Stingray Music
- Country: Canada
- Broadcast area: National
- Headquarters: Montreal, Quebec

Ownership
- Owner: Canadian Broadcasting Corporation (1997–2011); Stingray Group (2011–present);

History
- Launched: September 10, 1997
- Former names: Galaxie (1997–2014)

Links
- Website: music.stingray.com/en_CA/

Availability

Streaming media
- Service(s): Frndly TV

= Stingray Music =

Canadian audio company, launched 1997

Stingray Music is a Canada-based international multi-platform audio service that broadcasts continuous streaming music and other forms of audio on multiple channel feeds. The service is owned by Stingray Group.
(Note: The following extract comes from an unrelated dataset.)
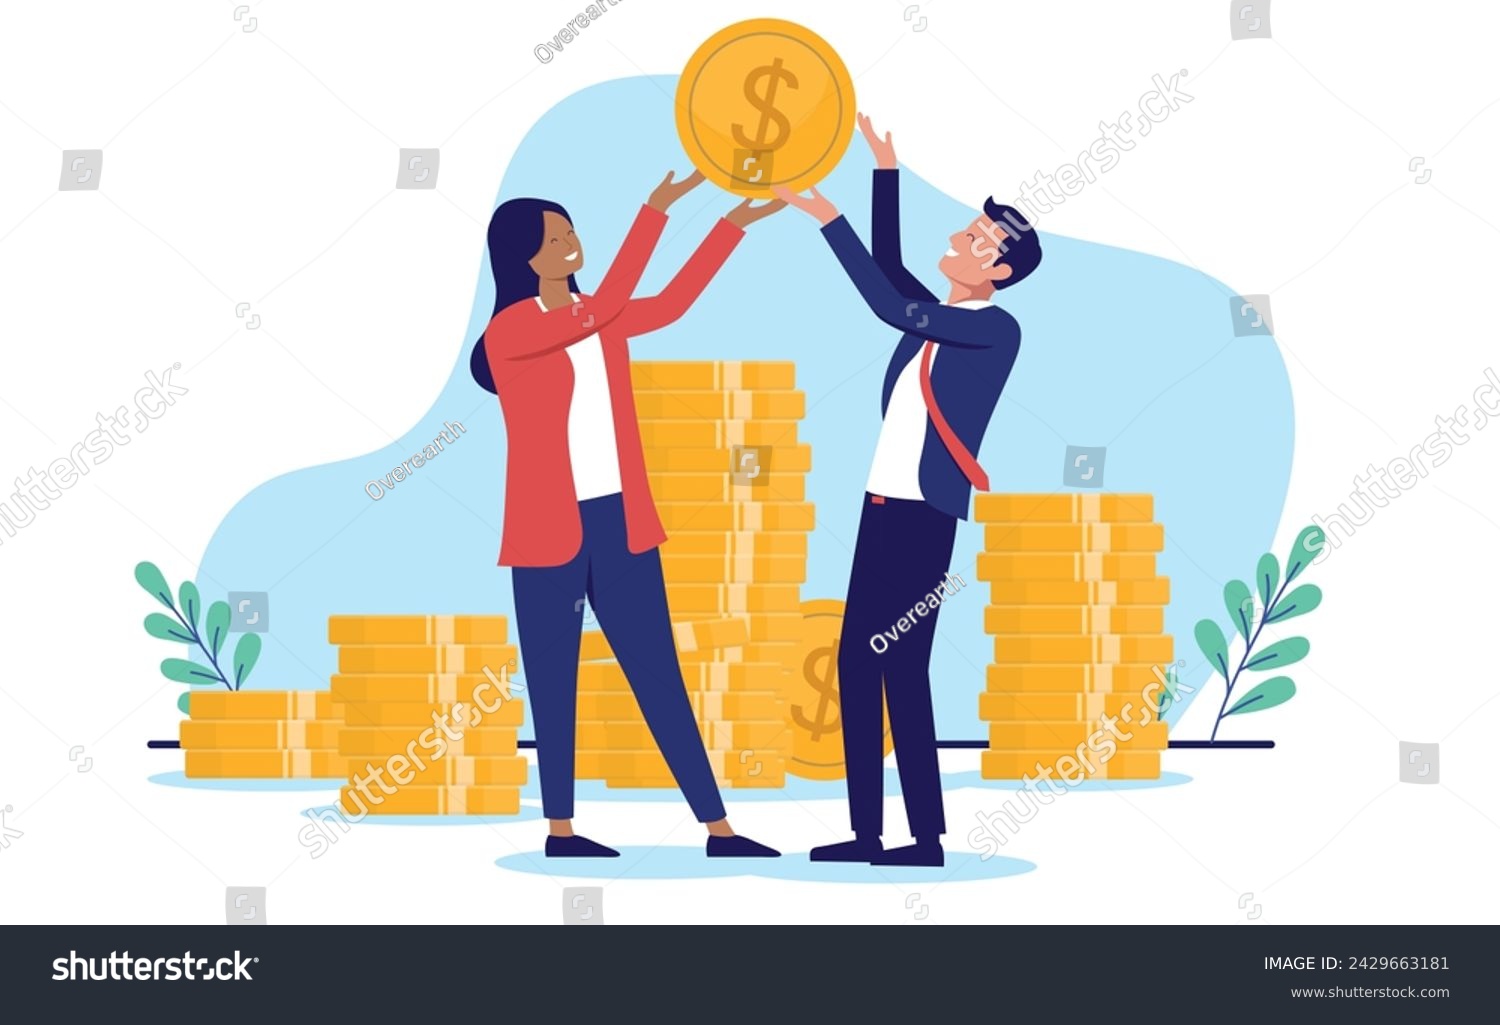 SVG of Businesspeople with money - Two people with business income and profits lifting dollar coin celebrating financial success and profitable company. Economy and finances concept in flat design vector svg

It was originally founded in 1997 as Galaxie by the Canadian Broadcasting Corporation before it was acquired by Stingray in 2011; but adopted its present name in 2014.

While a song is playing on the audio, channel name, artist, song, Stingray's web address and genre-themed clip art are displayed on every music channel.

==History==

Original logo of Galaxie from 1997 to 2000. From 2000 to 2003, the orange circle was removed.

The service's beginnings in Canada started in December 1995, when the Canadian Broadcasting Corporation was granted approval from the Canadian Radio-television and Telecommunications Commission (CRTC) to launch a national pay audio service named Galaxie consisting of 30 channels in both English and French.

The service launched as Galaxie on September 10, 1997, under the ownership of the Canadian Broadcasting Corporation by offering 30 music channels.

Logo of Galaxie from 2003 to 2009.

Because of service duplication, in 2002, Galaxie and Max Trax (a similar television service owned by Corus Entertainment at the time) agreed to provide a joint 40-channel audio distribution service to satellite and digital cable television providers called Galaxie Max Trax. The package consisted of 20 Galaxie and 20 Max Trax channels.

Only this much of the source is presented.